Some methods can be used for all graph types. These methods include novelty, uniqueness, Wasseretian distance between generated samples and a held-out set, Maximum Mean Dependency (MMD) for the degree, clustering coefficient and orbit count distributions between the generated samples and a held-out set as used by \citet{LiaoGRANs, martinkus2022spectre, Vignac2022DiGressDD, pmlr-v162-hoogeboom22a}. 

On the other hand, some of the metrics  are  specific for molecular generation tasks, such as the Frechet ChemNet Distance(FCD) introduced by \citet{Preuer2018FrchetCD}, or the Neighbourhood subgraph pairwise distance kernel (NSPDK) MMD introduced by \citet{Costa2010FastNS}. Other metrics include the  percentage of atom stability, molecule stability, validity of generated molecules as used by \citet{pmlr-v162-hoogeboom22a, Vignac2022DiGressDD} and others.

 As one critique of prior evaluations, \citet{o'bray2022evaluation} noticed that metrics based on MMD were sensitive to the choice of the kernel functions, the parameters of kernel, and the parameters of the descriptor function. \citet{thompson2022evaluation} also noted that current evaluation methods do not accurately capture the diversity of the generated samples,
 which lead them to propose their own approach based on using the graph embedding produced by GIN \citep{Xu2018HowPA} and calculating metrics on that embedding to better capture diversity.
 
\cite{southern2023curvature} recently proposed the use of curvature descriptors and  topological data analysis for a more robust and expressive metric for evaluating graph generative models but does not specifically consider thin support regions.
 Despite this progress, there are still deficiencies in the current metrics particularly, when it comes to measuring the ability of the model to generate data in thin support regions.
\paragraph{Related Train-Test Validation Methods}

While classic cross validation methods sample form i.i.d. splits \citep{Arlot2009ASO}, our approach creates splits that are nearly out-of-distribution, which means that there is a distribution shift between train and test.
Evaluating models under distribution shift has been studied for supervised learning under the names of domain adaptation (DA) \citep{Farahani2020ABR} and domain generalization (DG) \citep{Koh2020WILDSAB}. In both cases, the accuracy metric is evaluated on a test distribution that is different from the training distribution. However, both DA and DG primarily consider supervised learning tasks while we consider generative models. Thus, our approach can be viewed as a type of distribution shift evaluation for generative models.

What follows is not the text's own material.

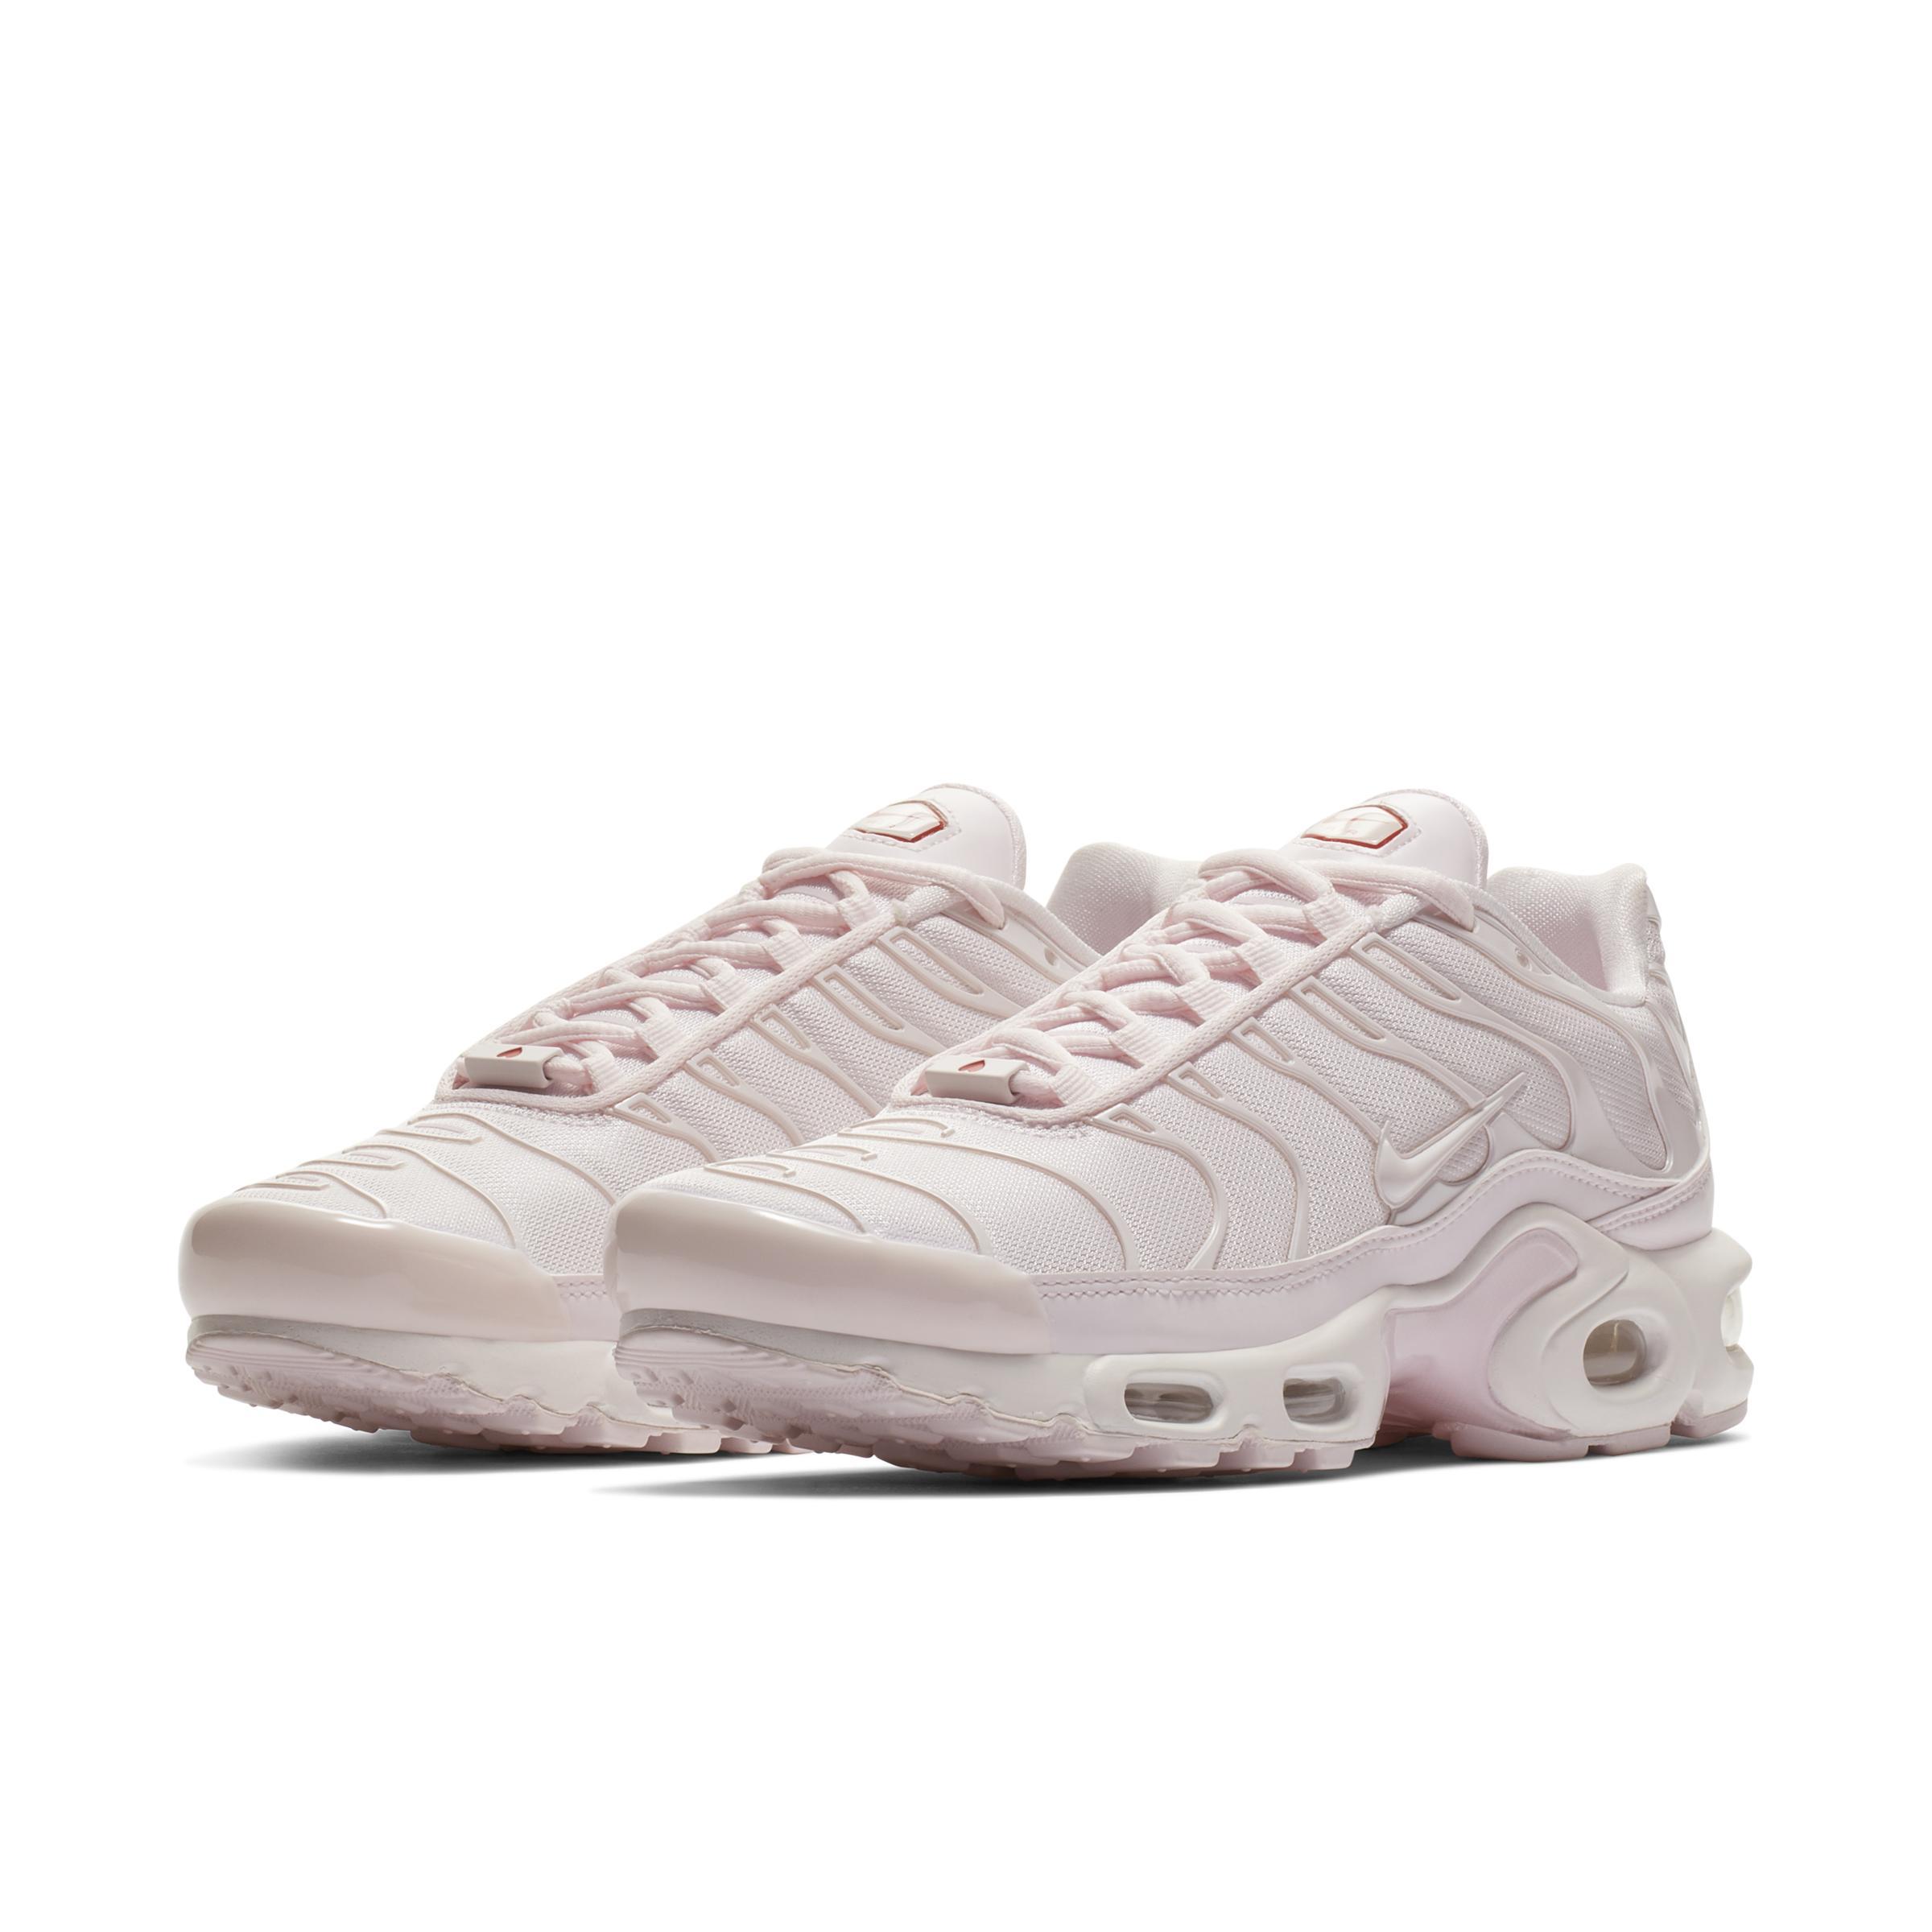 Nike Pink Air Max Plus TN SE Damenschuh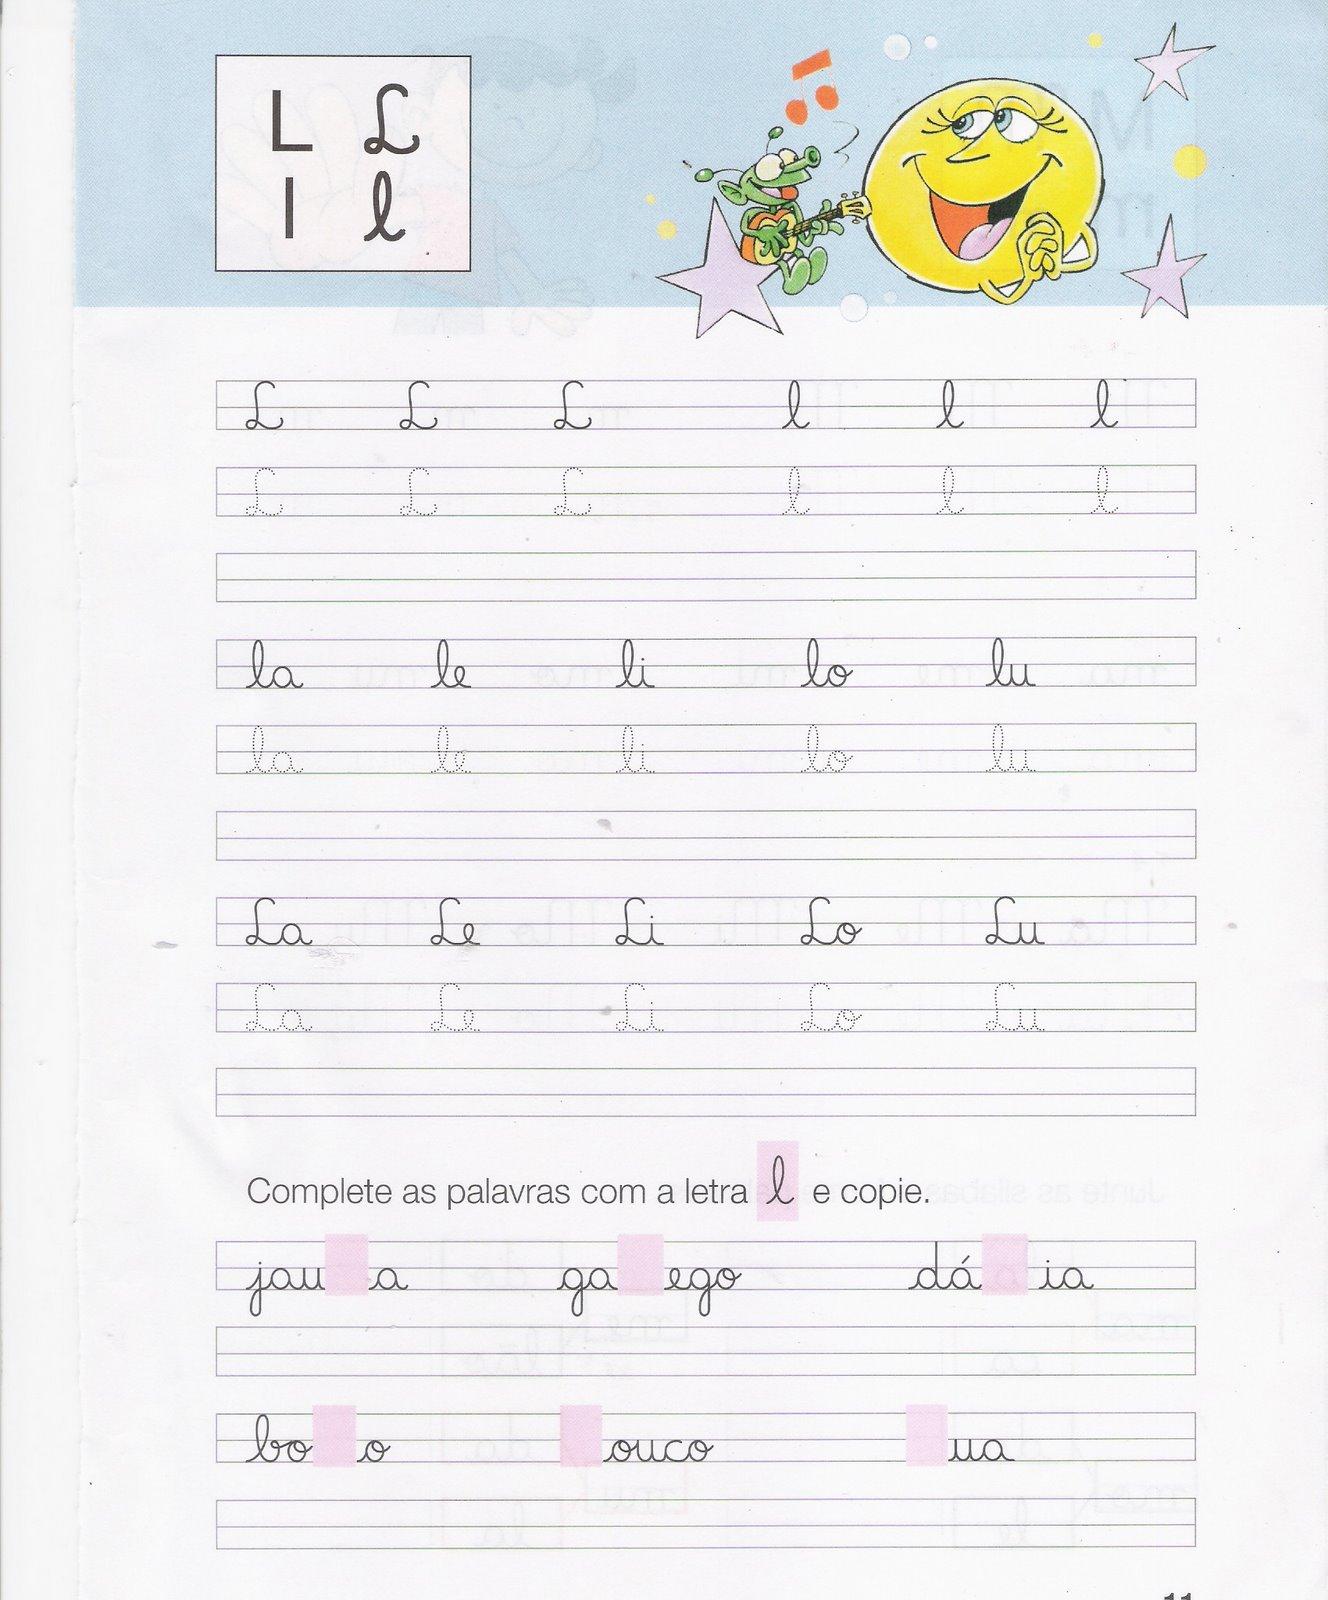 Fichas de caligrafia: Letras L, M, N, P, - Atividades Educativas

In a similar vein, \cite{bazhenov2023evaluating} propose a method for splitting the \emph{nodes} of a graph into in-distribution and out-of-distribution nodes based on structural properties.
This splitting enables the evaluation of node-level prediction tasks under distribution shifts.
We differ from this work because we split along graphs instead of along nodes, and ours is aimed at evaluating generative models while theirs is focused on node-level tasks.